The service account that is used to access the GCP buckets should be copied into the certs folder, which is located inside the CARTO installation folder.

If <BUCKET>_KEYFILENAME is not defined env GOOGLE_APPLICATION_CREDENTIALS is used as default value. When the selfhosted service account is setup in a Compute Engine instance as the default service account, there's no need to set any of these, as the containers will inherit the instance default credentials.

If <BUCKET>_PROJECTID is not defined env GOOGLE_CLOUD_PROJECT is used as default value.

Data export bucket

Configure data export bucket for BigQuery

To enable exporting data from BigQuery on CARTO Self-Hosted platform, we need a GCS bucket where we can store the exported data, and a service account with permissions to manage the bucket.
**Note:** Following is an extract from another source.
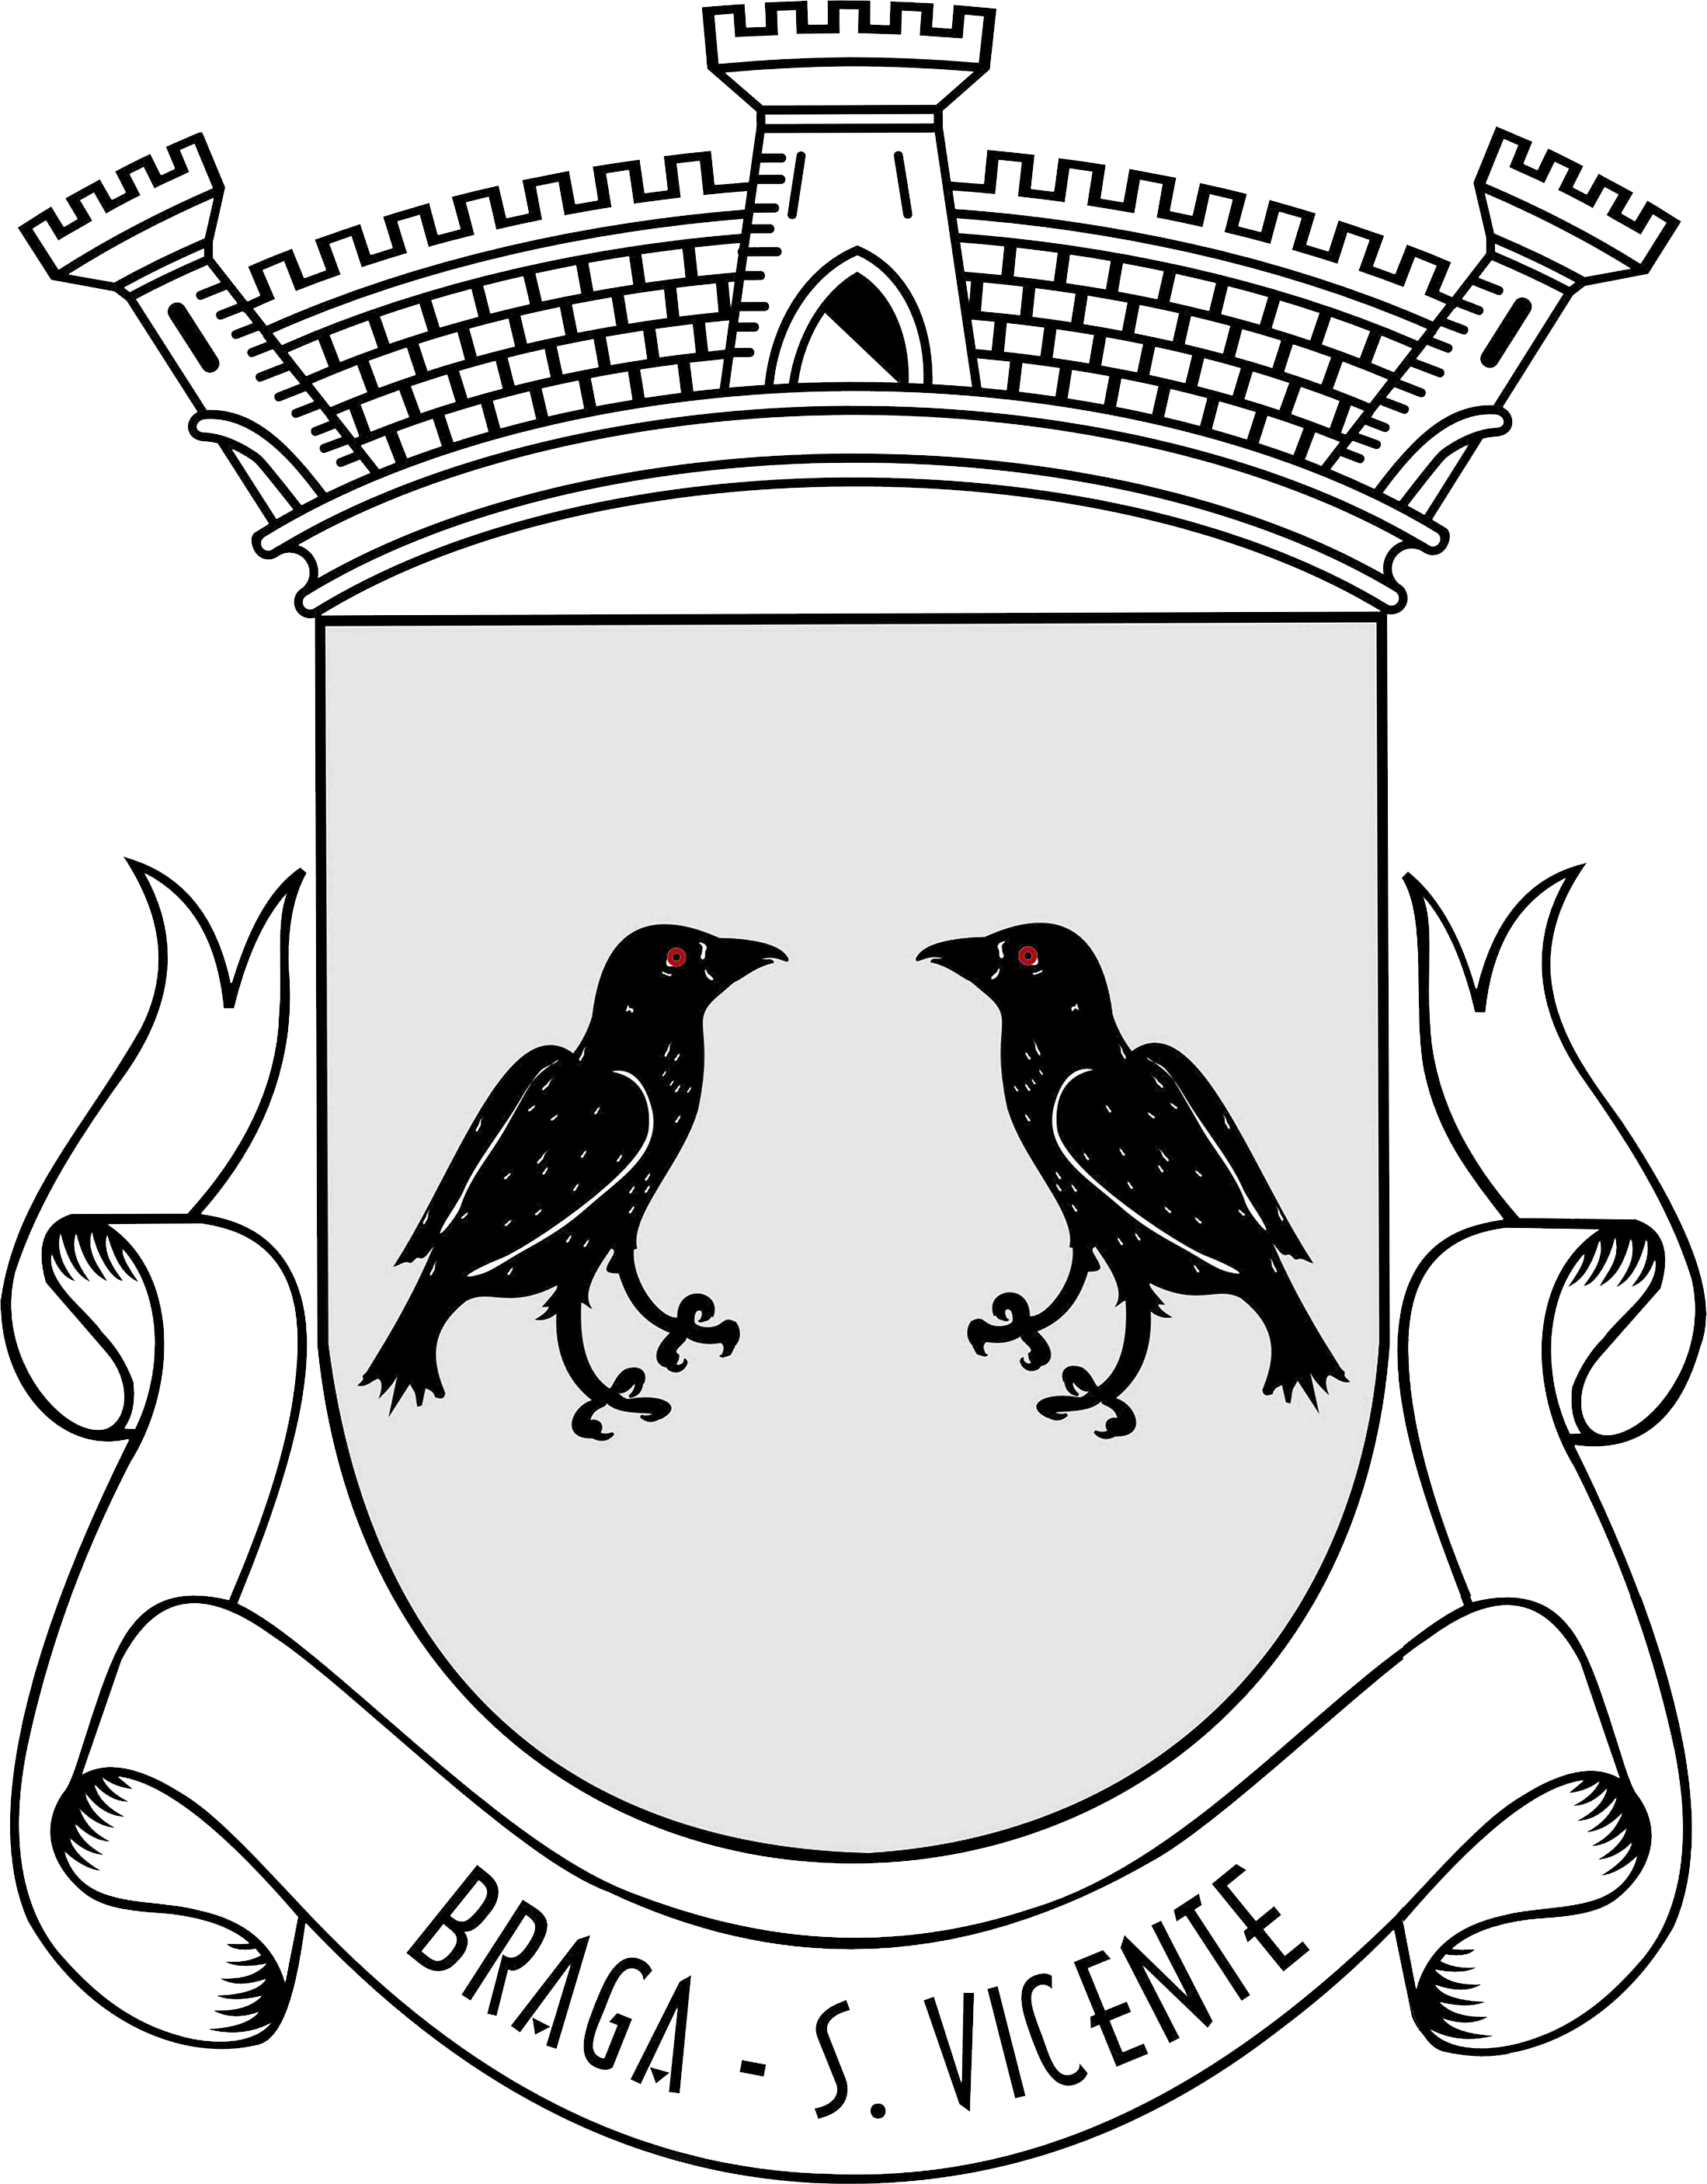 Junta de Freguesia de São Vicente

These are the required steps:

  1. Grant read/write permissions to the service account used by your CARTO Self-Hosted installation on the GCS export bucket created in the pre-requisites.

  2. Update the customer.env file with the following values:

EXPORTS_GCS_BUCKET_NAME=<GCP_BUCKET_NAME>
EXPORTS_GCS_CREDENTIALS_KEY_FILENAME=/usr/src/certs/<GCP_KEY_NAME>.json

Configure data exports in Snowflake and Redshift

Snowflake and Redshift require an AWS S3 bucket to export data from CARTO platform. These are the needed steps for allowing exporting data from CARTO Self-Hosted in these providers:

  1. Create an IAM user and generate a programmatic key ID and secret. If server-side encryption is enabled, the user must be granted with permissions over the KMS key used.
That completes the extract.